In a hospital where about 4,000 babies are born every year, these time-savings are crucial.

Women benefit too as they no longer need to trek bulging charts around the hospital.

“There is nothing called folders now,” he said. “Even if a woman is looking for a folder, there is nothing now.” 

Cork first maternity hospital to leave paper behind in 2016

The first maternity hospital to leave paper behind was in Cork back in 2016 and the Coombe in Dublin the latest after University Maternity Hospital Limerick.

This change is part of a national programme for digitalising the health services.

While it has been a bumpy road with the pace greatly affected by funding shortages, things have changed dramatically since the HSE was hit by a devastating cyberattack in 2021.

At the time doctors and nurses said the cyberattack was worse even than the pandemic.

In Cork for example the Blood Bikers South group switched from carrying blood samples for hospitals to paperwork and files.

An emergency department nurse at CUH Michelle Kingston said simply: “It was a nightmare. I don’t think the public realises how hit we were.” 

Now Damien McCallion, HSE deputy CEO, describes a very different picture.

“In 2021 we didn’t have a chief information security officer in the HSE and we had about 10 staff working in this area and no dedicated budget,” he said.

“We now have a senior person and we’ve 70 staff and we’ve over €70m invested.” 

HSE deputy CEO Damien McCallion faced questioning a few weeks ago from politicians at an Oireachtas committee. File picture Colin Keegan, Collins Dublin
HSE deputy CEO Damien McCallion faced questioning a few weeks ago from politicians at an Oireachtas committee. File picture Colin Keegan, Collins Dublin

He still accepted however “we are at the bottom of the league table” with a long way to go yet.

He faced questioning a few weeks ago from politicians at an Oireachtas committee when the progress and gaps were discussed.

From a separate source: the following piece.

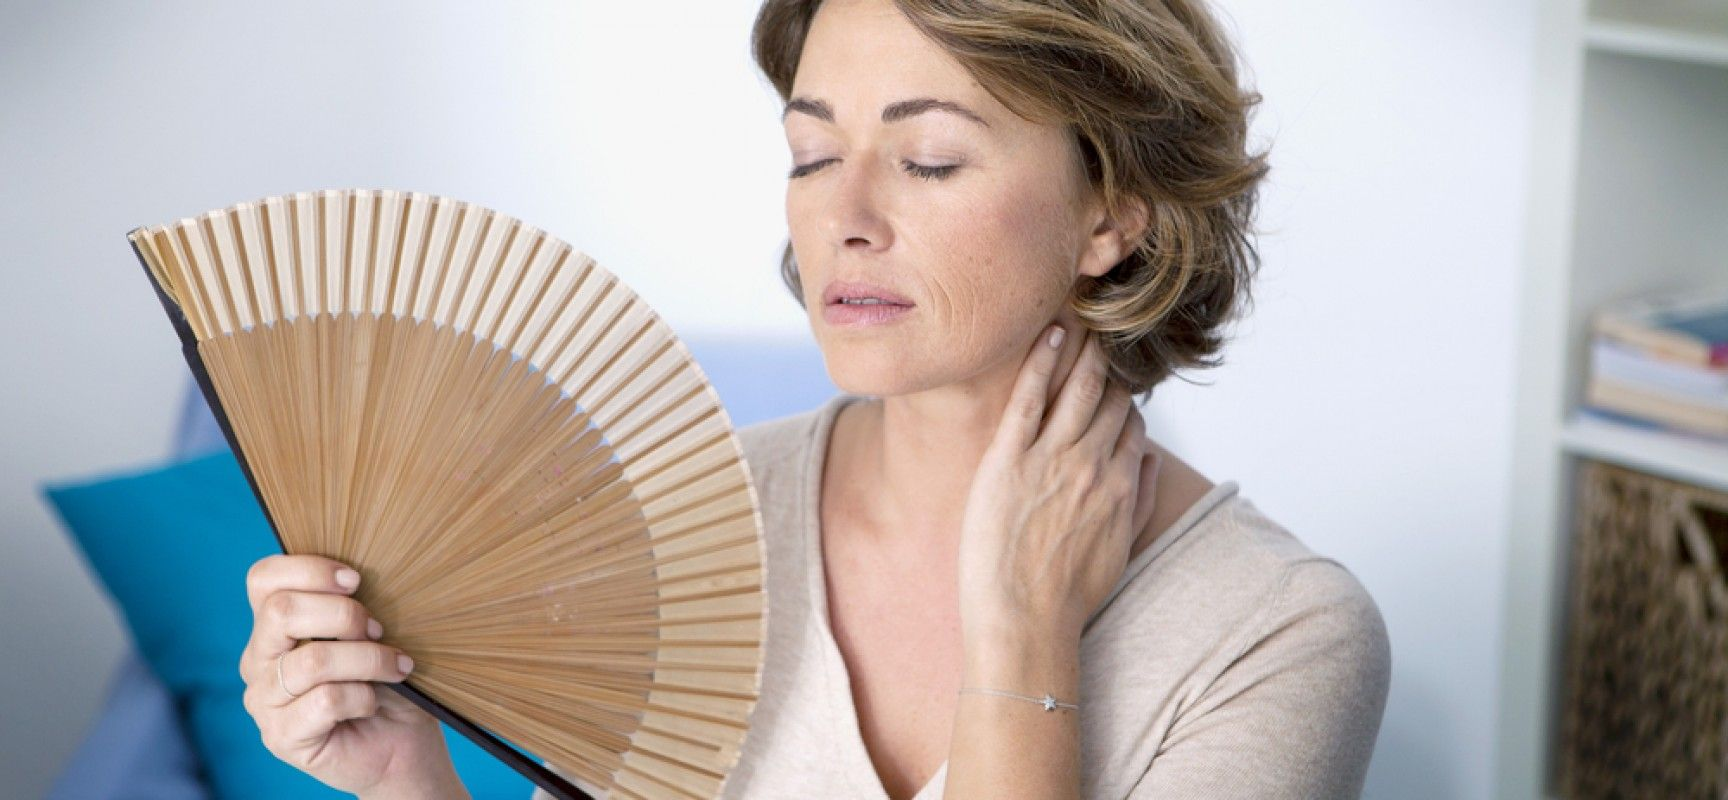 ¿Cómo controlar los síntomas de la menopausia?

Dr Martin Daly, a GP and Fianna Fáil TD, spoke of a patient treated in a Galway hospital told her doctor could not access her information because the chart had been taken across the city to another hospital in error.

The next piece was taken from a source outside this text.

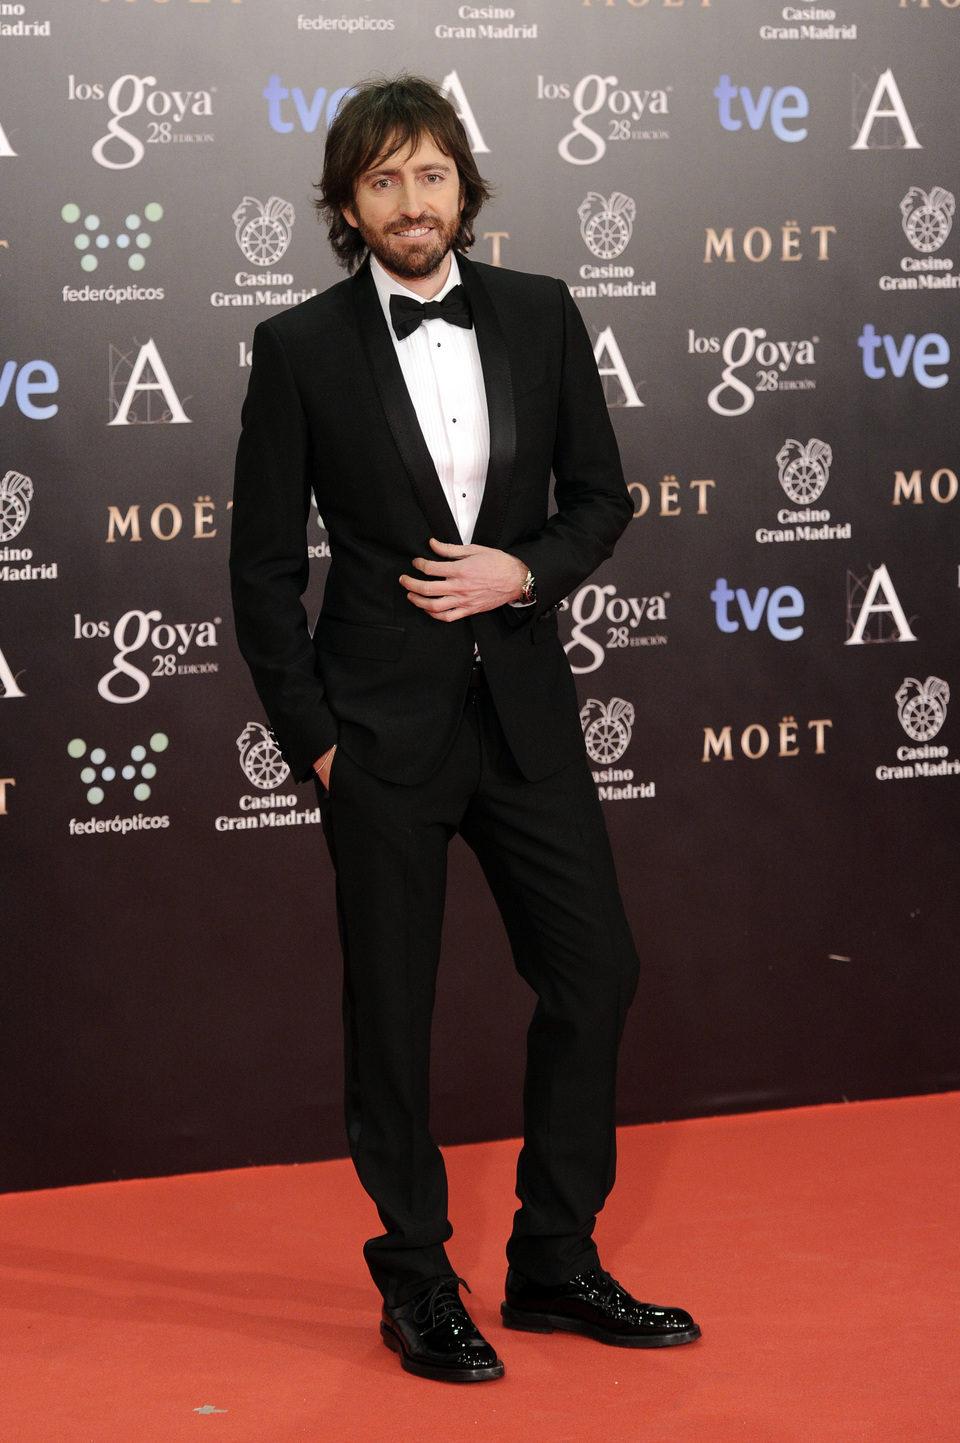 Daniel Sánchez Arévalo en la alfombra roja de los Goya 2014

Data safety concerns if there is another hacking attack were raised by senator Nicole Ryan.

“We prioritise critical systems, there’s over 3,000 systems in the health service,” Mr McCallion said.

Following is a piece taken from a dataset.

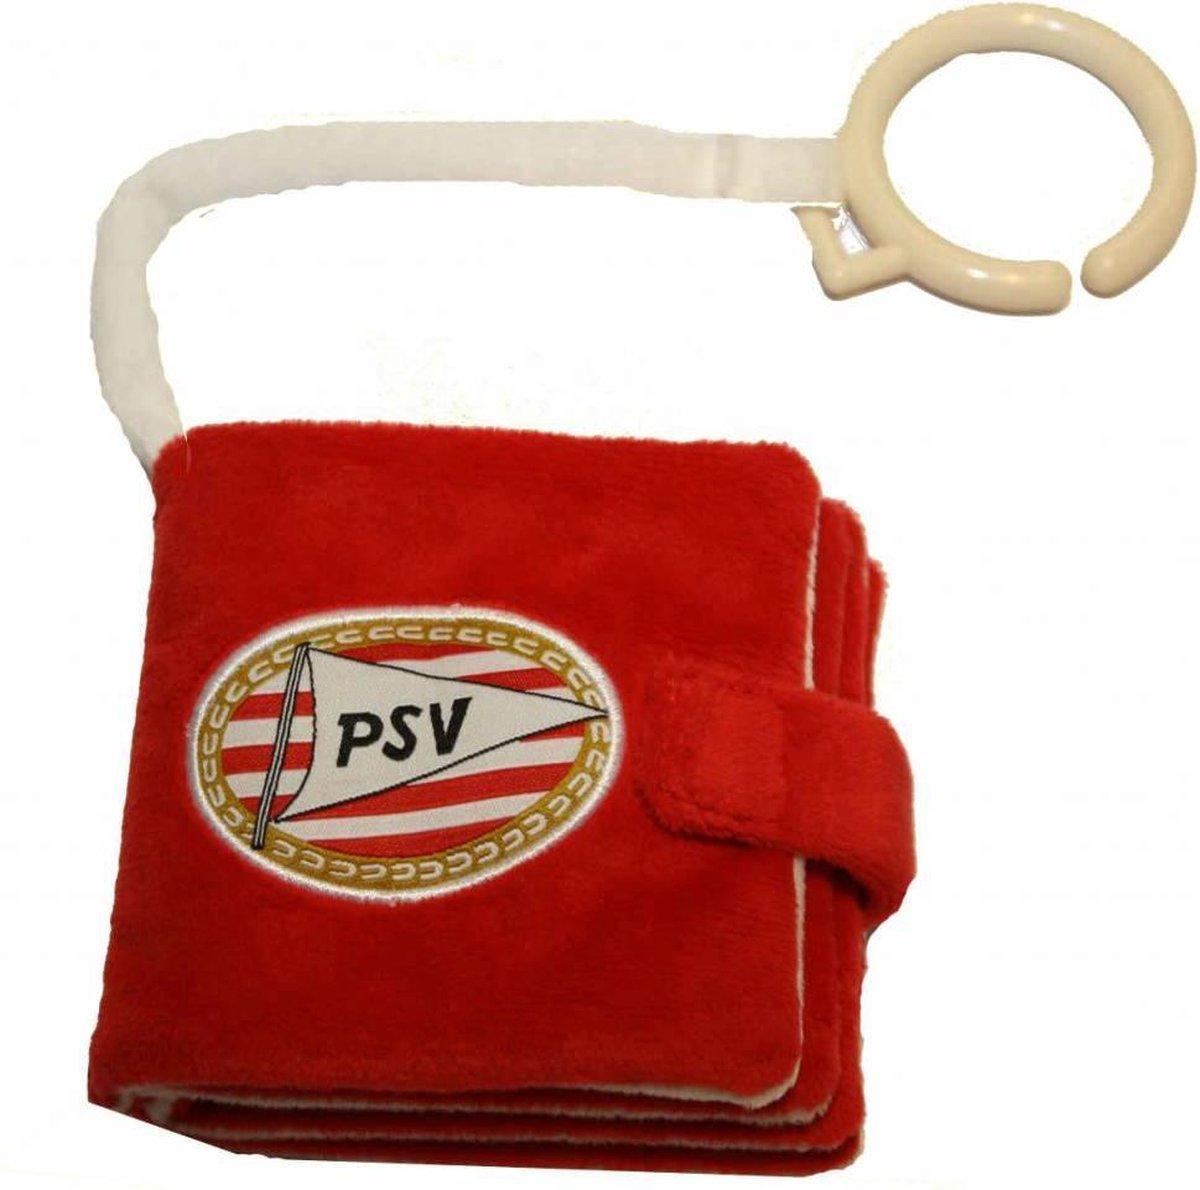 PSV Buggy Boekje - Rood - PSV

Back-up plans include off-line copies of some data and hard copies of some key reports.

HSE will run a simulated cyberattack next year

The HSE will run a simulated cyberattack during 2026 to check how robust this all is. He pointed out its digital estate is “the largest of any public or private organisation in the country”. 

It has 144,000 users working across about 5,000 services on 1,600 networked sites. It runs about 80,000 devices, 50,000 mobile phones and needs 12Pb of Storage (equivalent to 240m tall filing cabinets).

The system runs about 3,000 applications, and processes around 2m emails per day for 250,000 email addresses.

This is changing under the Digital for Care 2030 plan. The HSE has also said patients can still choose to keep getting appointment letters if that suits better.

This is all of course going to cost a pretty penny.

The Department of Health has been reluctant to put precise numbers on it as the procurement process for the big ticket item — a digital health records system — continues.

However assistant secretary for health infrastructure Derek Tierney did go as far as describing it as a multi-billion euro investment. He conceded costs are “getting there” when asked if it could reach €2bn.

More than 120,000 patients use HSE app

In the meantime more than 120,000 patients are using the HSE app which offers their personal data including hospital appointments and vaccination information.

Patients in Waterford are in a pilot project for a shared-care record — meaning data is shared between GPs and hospitals as well as people like public health nurses. This will be rolled out nationally.

Hospital patients at the Mercy in Cork and UHL as well as five other hospitals can be treated on a virtual ward if appropriate.

This means they stay at home while being treated or monitored remotely. Again this is planned for a national roll-out.

It has been a long road to get this far with many changes still to come, but as Mr McCallion said even struggling English football team Wrexham AFC managed to get promoted eventually.